В дверь купе постучали: на пороге стояла пожилая дама в белоснежном кружевном фартуке и такой же наколке на голове:

— Шоколадные лягушки, драже 'Берти Боттс', жвачка 'Друбблз', тыквенное печенье и сдобные котелки, — объявила она и поинтересовалась. — Хочешь перекусить, девочка?

Есть Гермиона не хотела, а вот повысить уровень эндорфинов в крови ей положительно требовалось. Поэтому она взяла у торговки одну шоколадную лягушку и тут же ее умяла, меланхолично глядя на проплывающий за окном пейзаж.

В упаковке с лягушкой оказался еще и вкладыш: небольшая пятиугольная карточка с портретом длиннобородого седого старика в сверкающих очках-половинках. Он жизнерадостно улыбался Гермионе и подмигивал то одним глазом, то другим, то обоими глазами сразу.
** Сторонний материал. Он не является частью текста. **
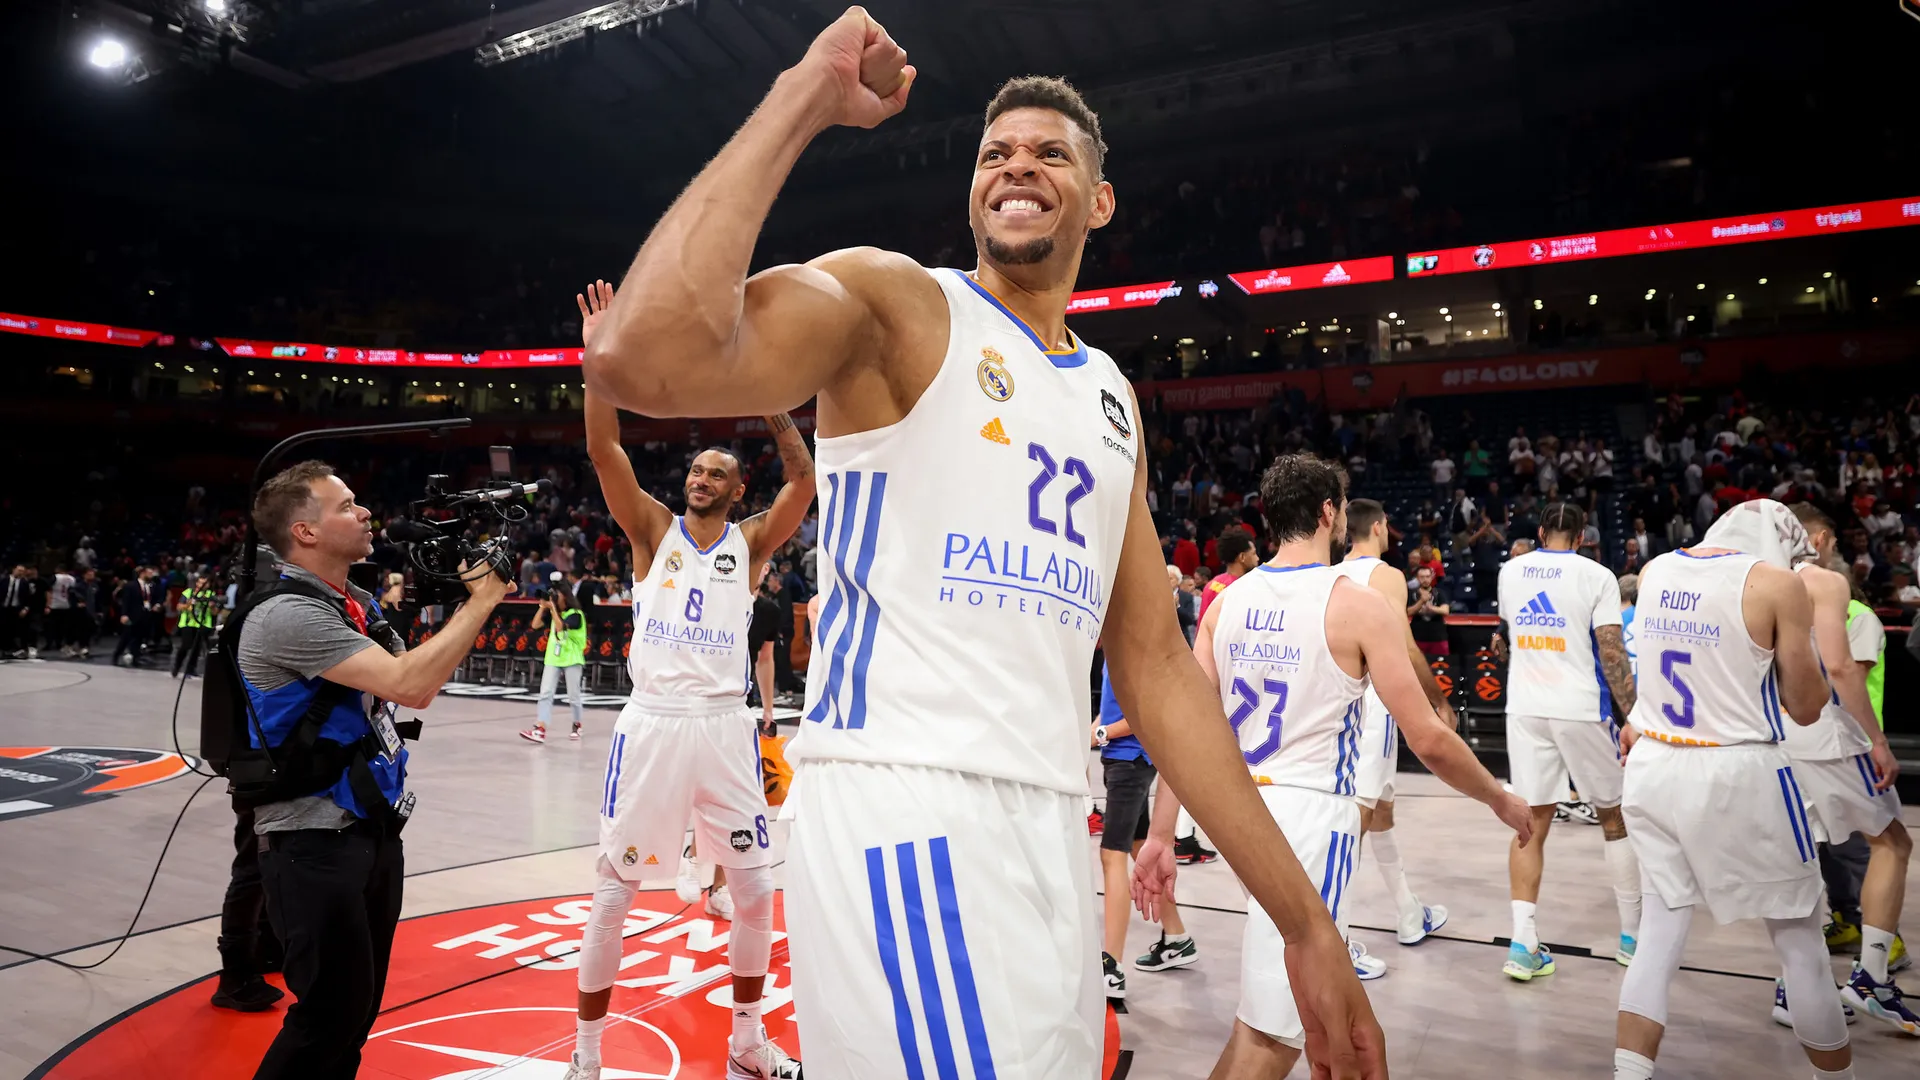 Real Madrid reaches Euroleague final after thriller against arch-rival Barcelona

— Альбус Дамблдор, — прочитала она на обороте. — Директор школы Хогвартс... Считается величайшим волшебником нашего времени... Знаменит победой над Гриндевальдом... Хобби — камерная музыка и игра в кегли...
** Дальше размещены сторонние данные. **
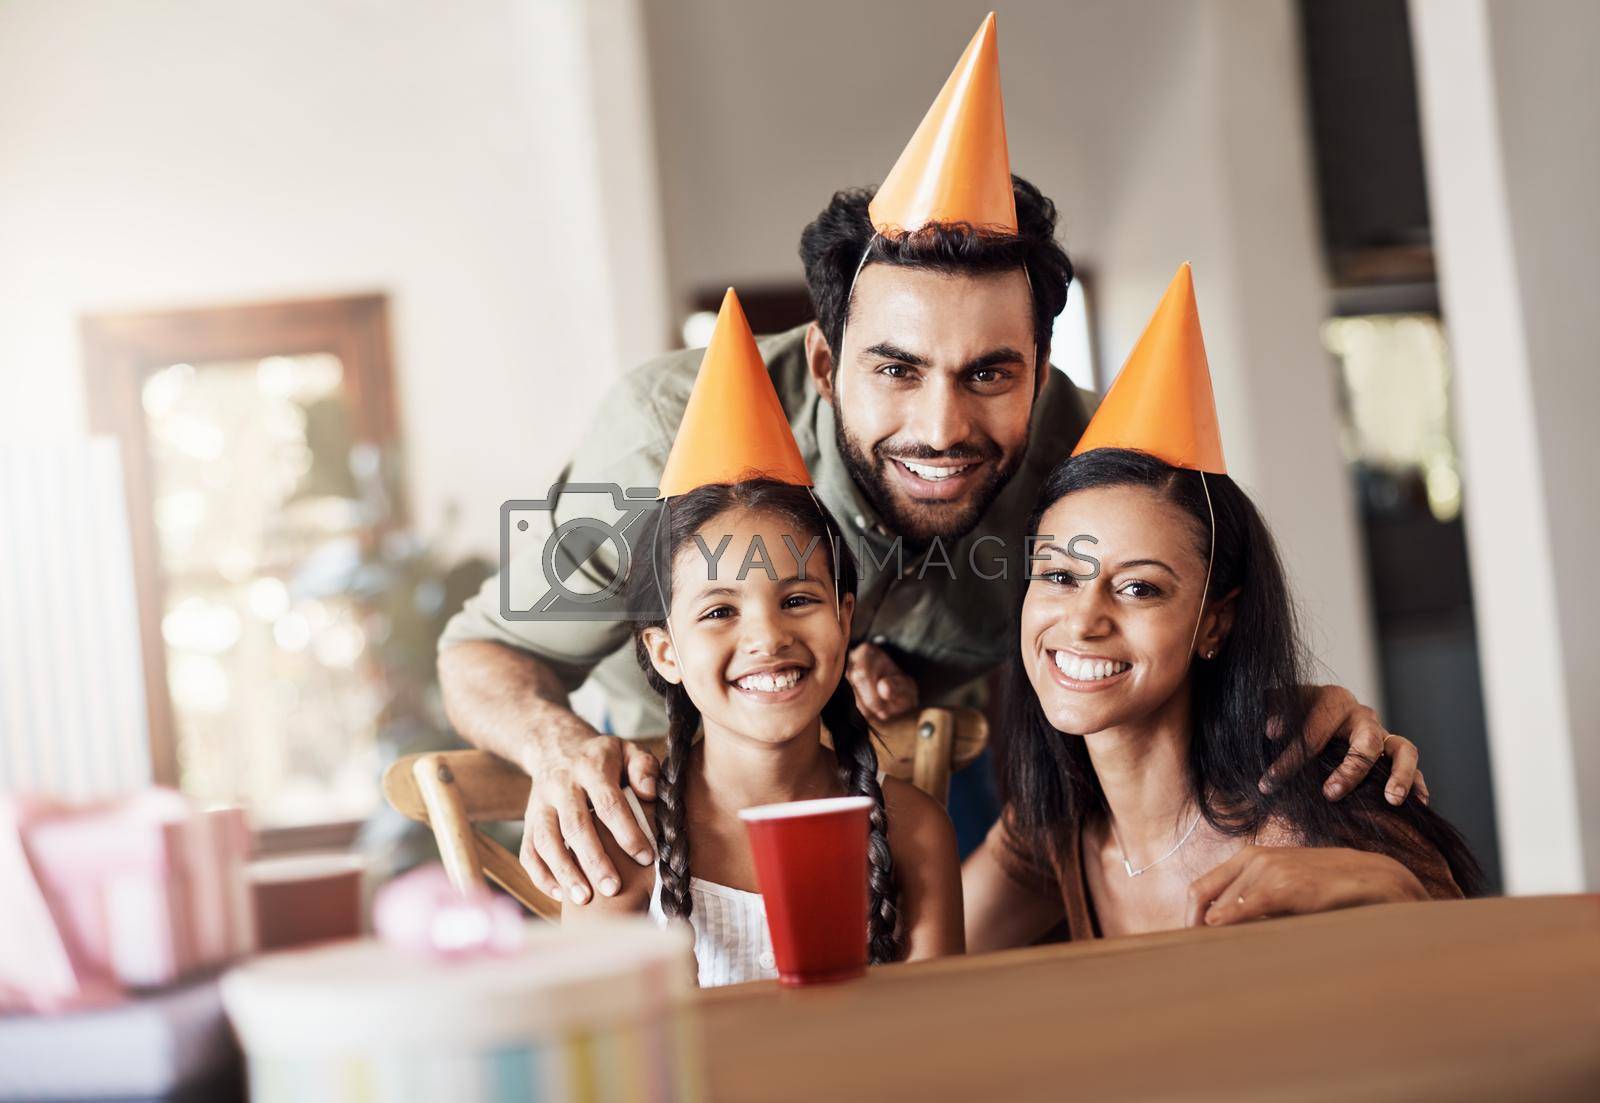 Royalty free image of Hip hip hooray, its someones birthday. Shot of a happy mother and father celebrating their daughters birthday at home. by YuriArcurs

Стоп! Но ведь в письме, которое принесла Макгонагалл Гермионе, было зеленым по бежевому написано, что именно Дамблдор — Верховный чародей! То есть так необходимый ей покровитель будет находиться рядом, на расстоянии вытянутой руки! Ну, и как ей, во имя всего святого, привлечь внимание самого могущественного волшебника современности? Пригласить в боулинг? Сбацать на фортепиано колыбельную Моцарта, ее максимум? Потянет 'Спи моя радость, усни' на камерную музыку?

'Сегодня — возвращение блудного Поттера. Дамблдор попросил убедиться, что всеобщее достояние будет в безопасности', — всплыл в памяти Гермионы разговор двух старшекурсников, и она замерла.

Верховный чародей заинтересован в Поттере. Кроме того, Поттер, что называется, лицо медийное, раскрученное. Значит, заметен. И значит, она должна любой ценой оказаться рядом с ним, стать необходимой, и, по возможности, подружиться. И если для этого нужно будет даже поступиться собственными принципами: например, учиться за Поттера, или подсказывать ему, или давать списывать — она это сделает! Да она даже сопли ему готова вытирать, если потребуется!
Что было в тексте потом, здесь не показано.